-- THE TASK --
Give the data again in full, without pictures.

-- INFORMATION SUPPLIED --

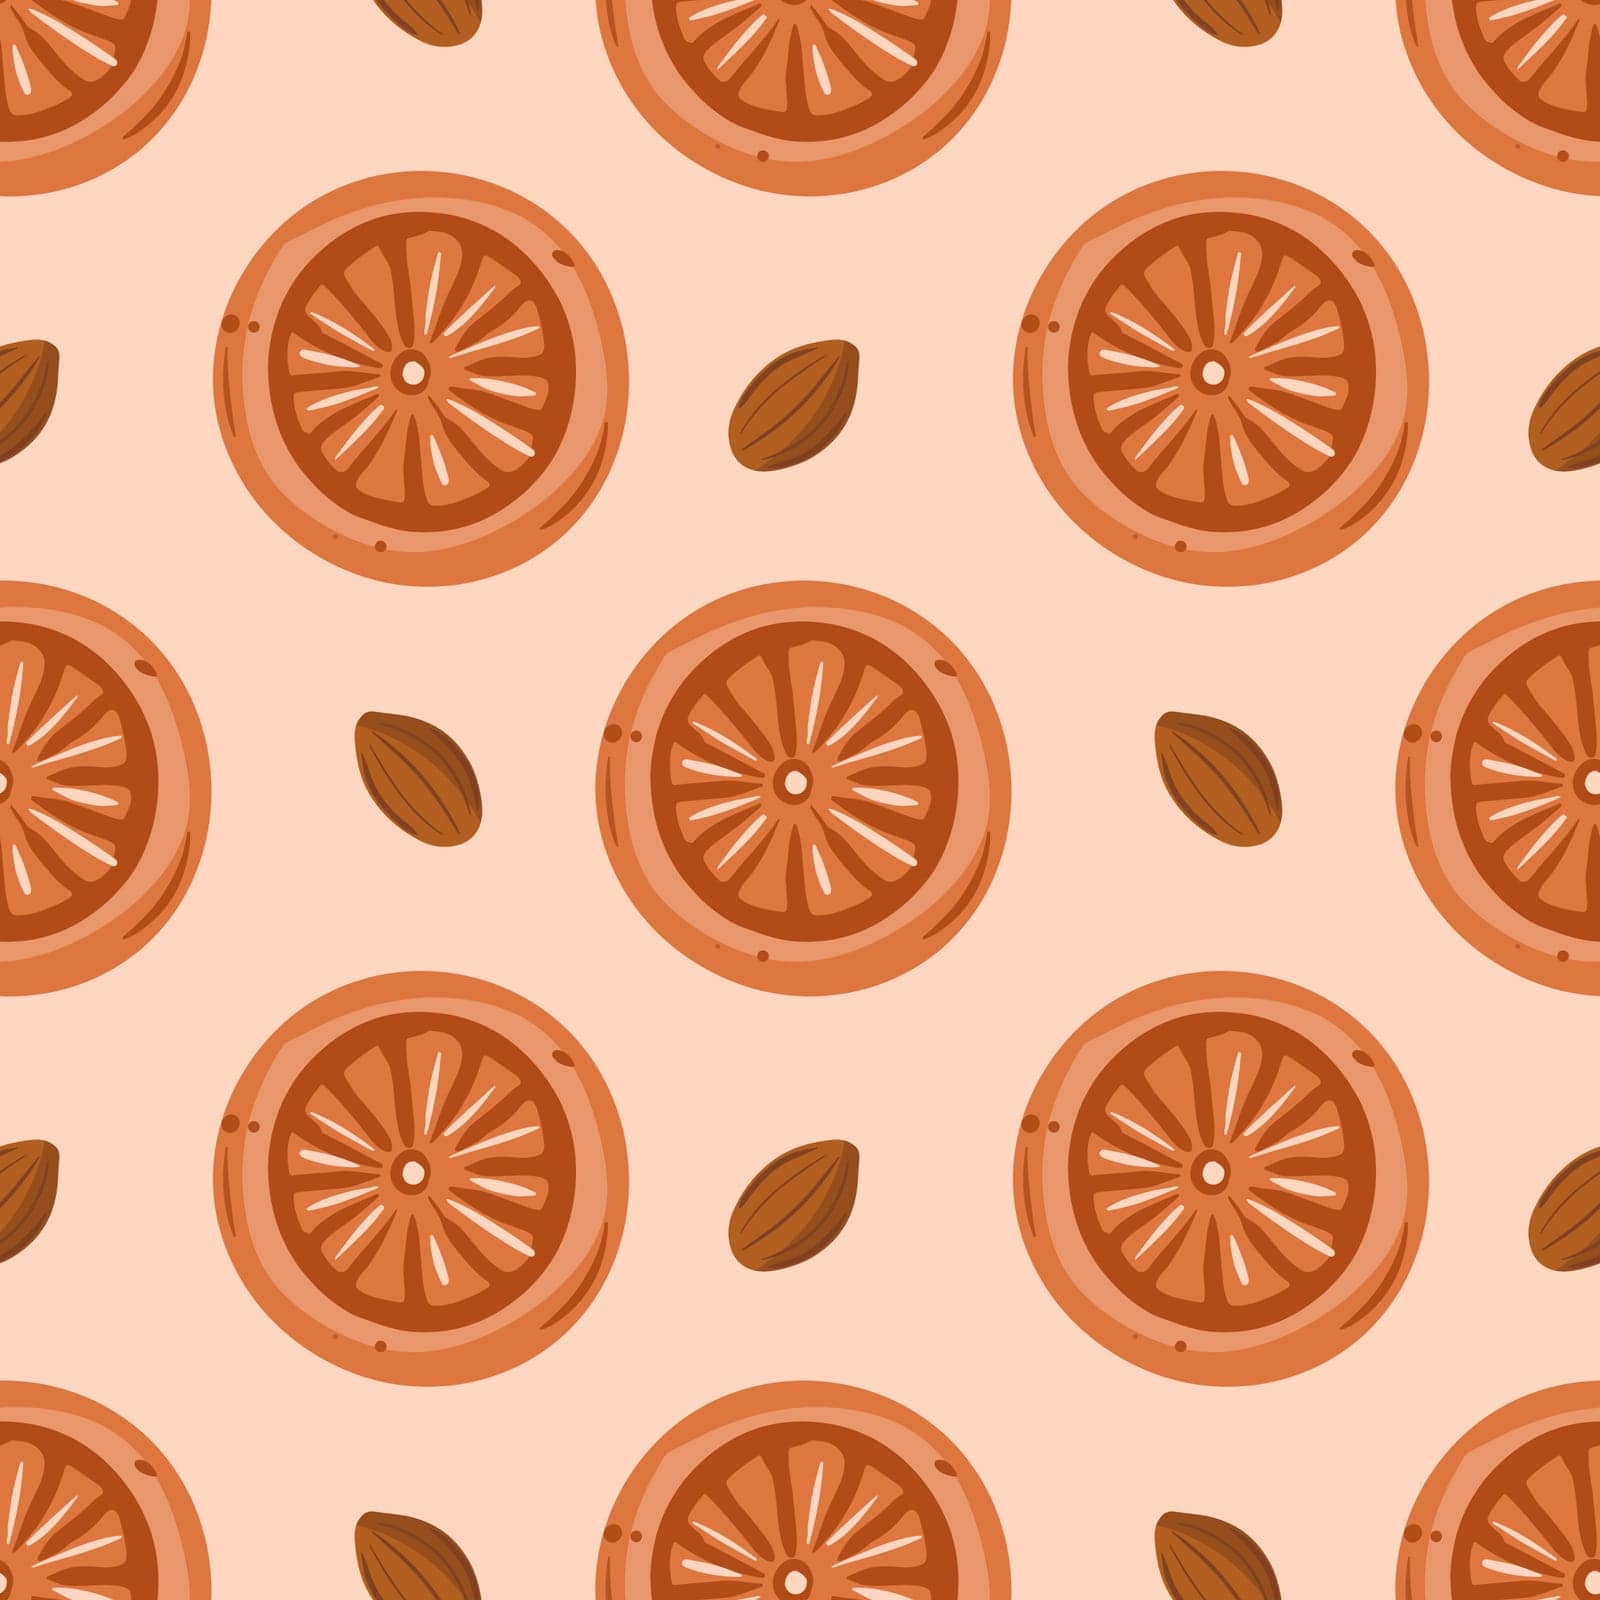 Seamless pattern with sweets. The cookie pattern by paninaartpuls
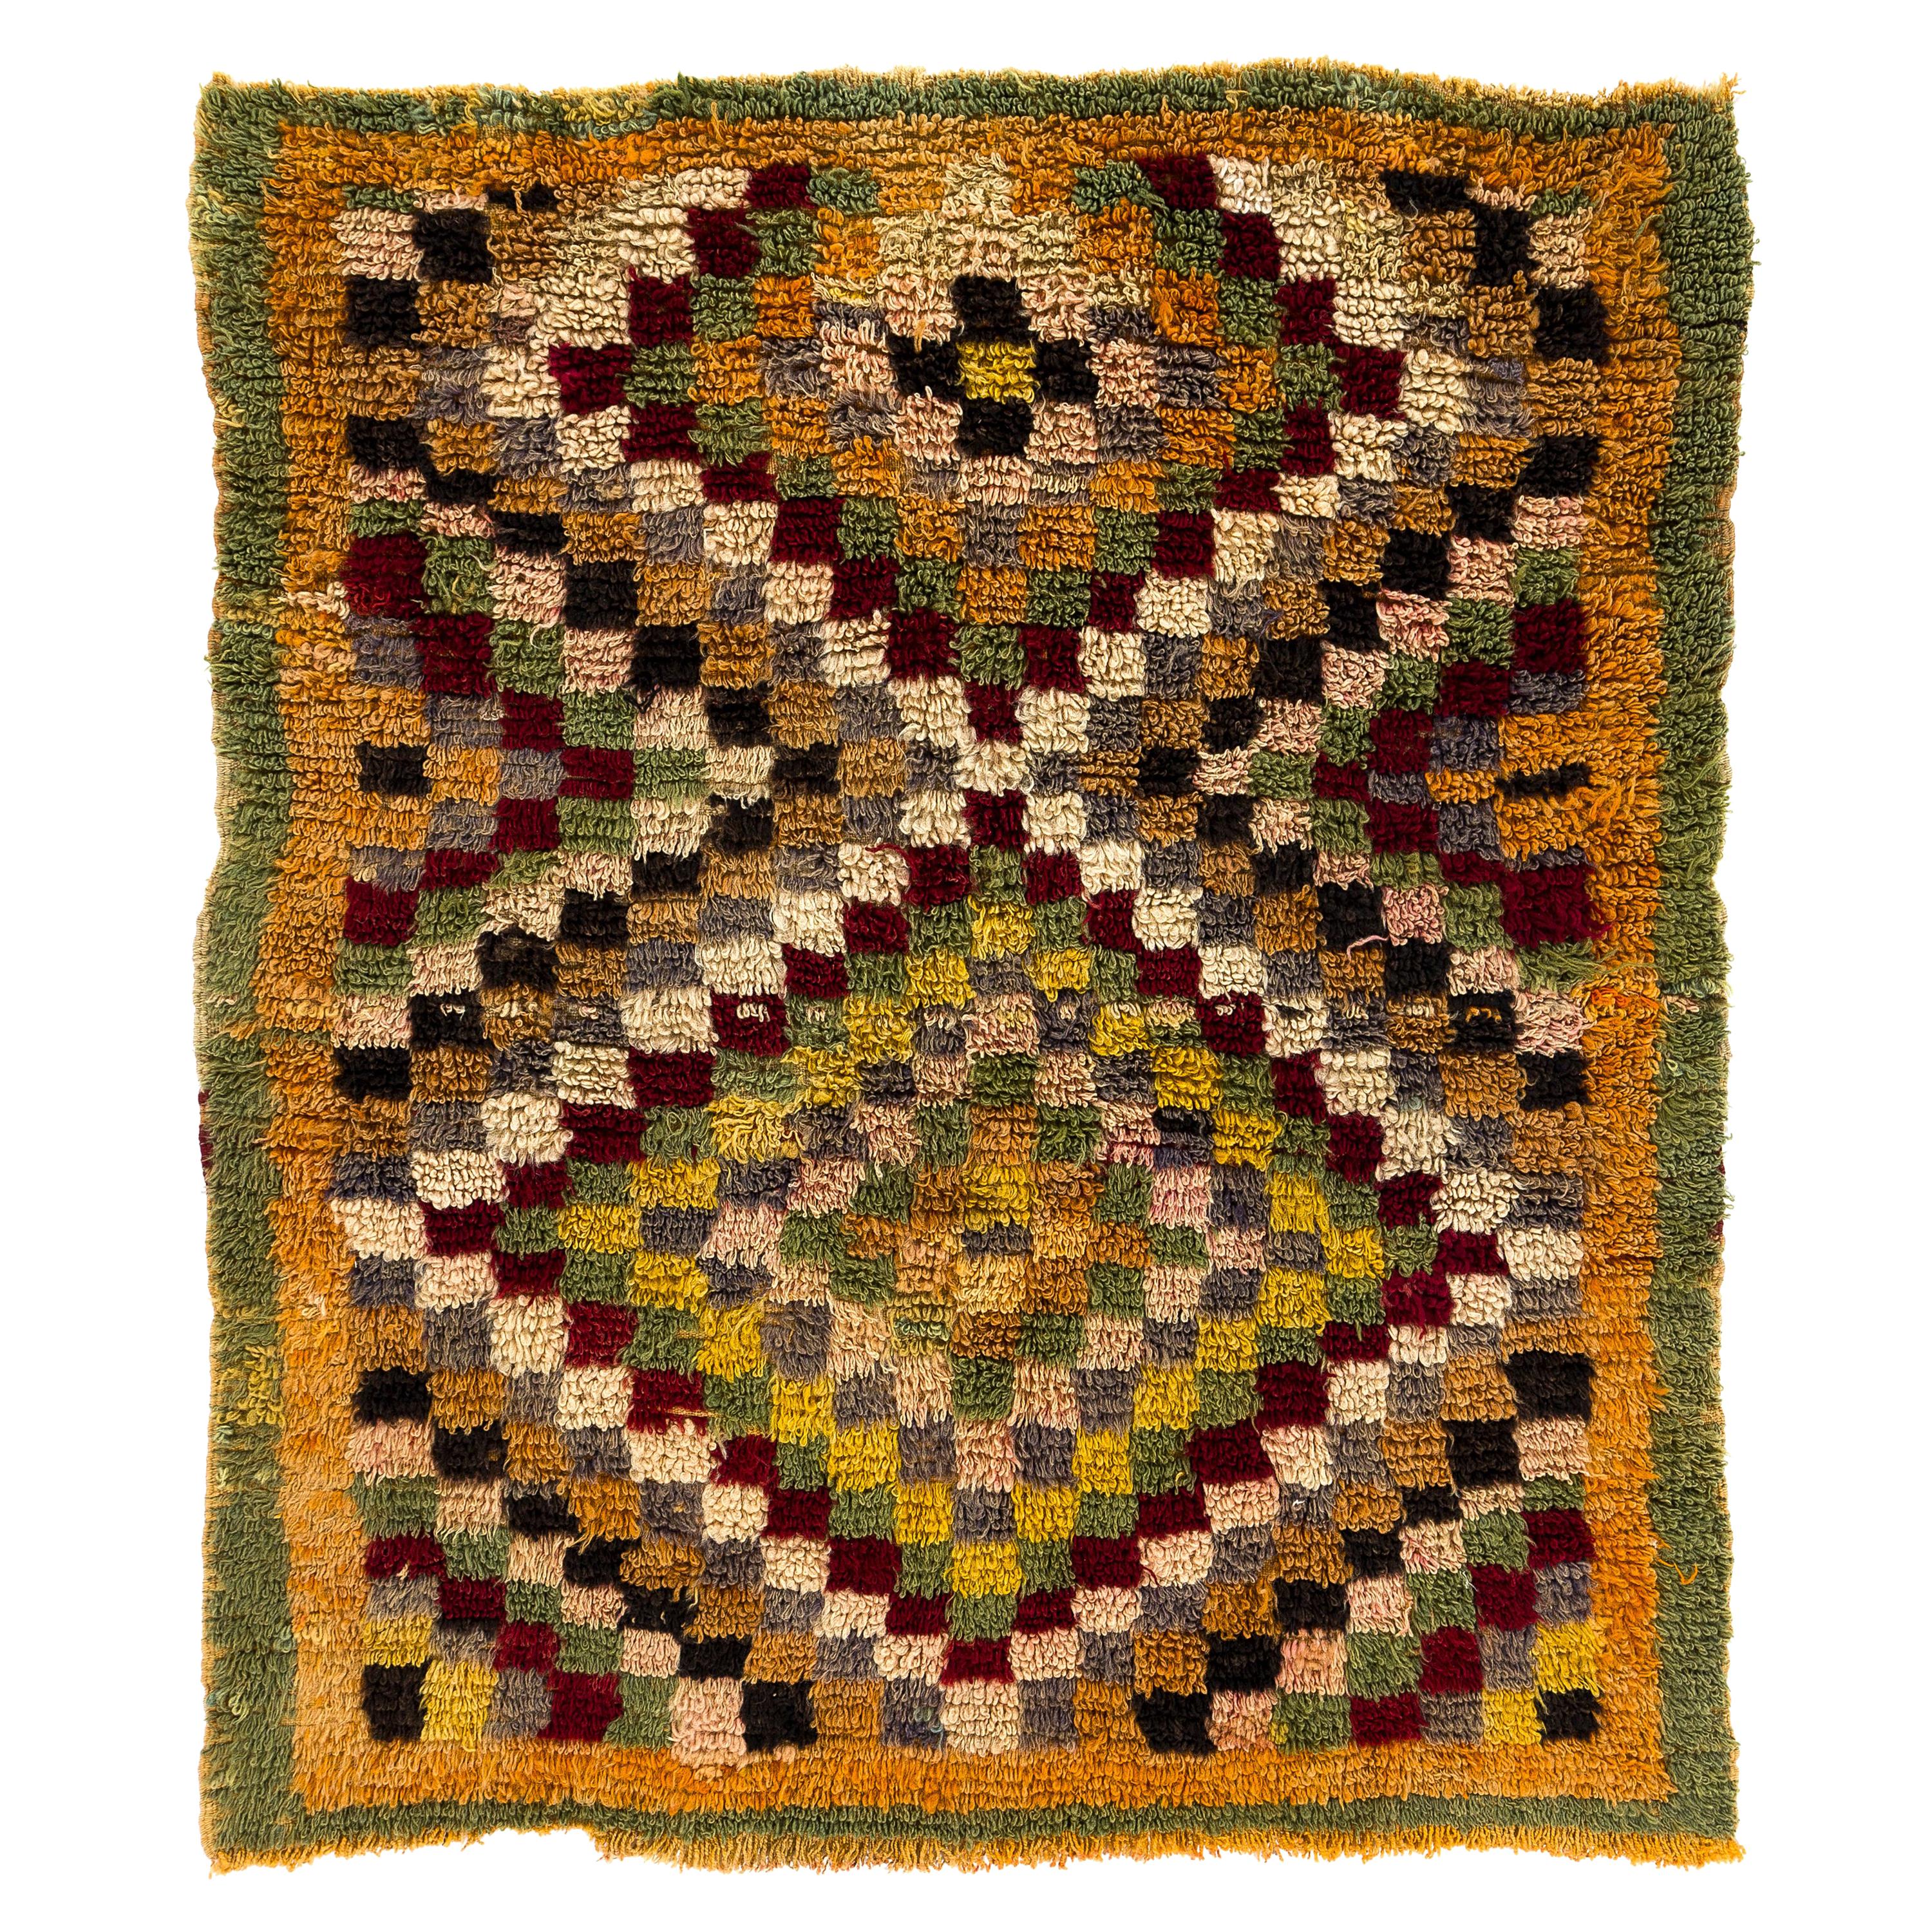 4x4.2 Ft One of a Kind Vintage Anatolian "Tulu" Rug with Checkered Design
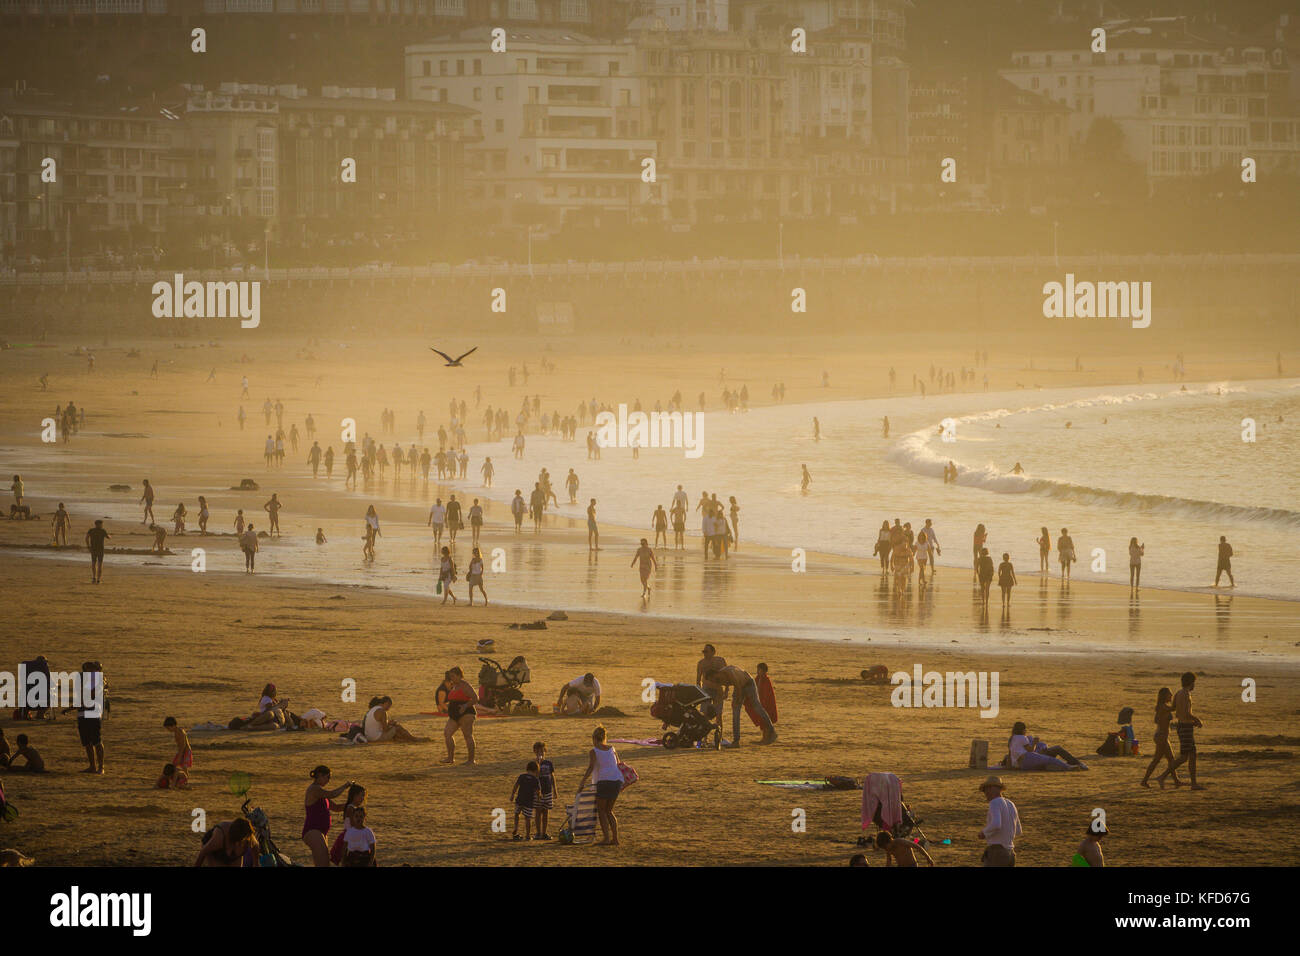 People on the Concha beach enjoying the late afternoon sunshine on a warm October day, San Sebastian, Basque Country, Spain. Stock Photo

-- EXPECTED OUTPUT --
 Seamless pattern with sweets. The cookie pattern by paninaartpuls
 4x4.2 Ft One of a Kind Vintage Anatolian "Tulu" Rug with Checkered Design
 People on the Concha beach enjoying the late afternoon sunshine on a warm October day, San Sebastian, Basque Country, Spain. Stock Photo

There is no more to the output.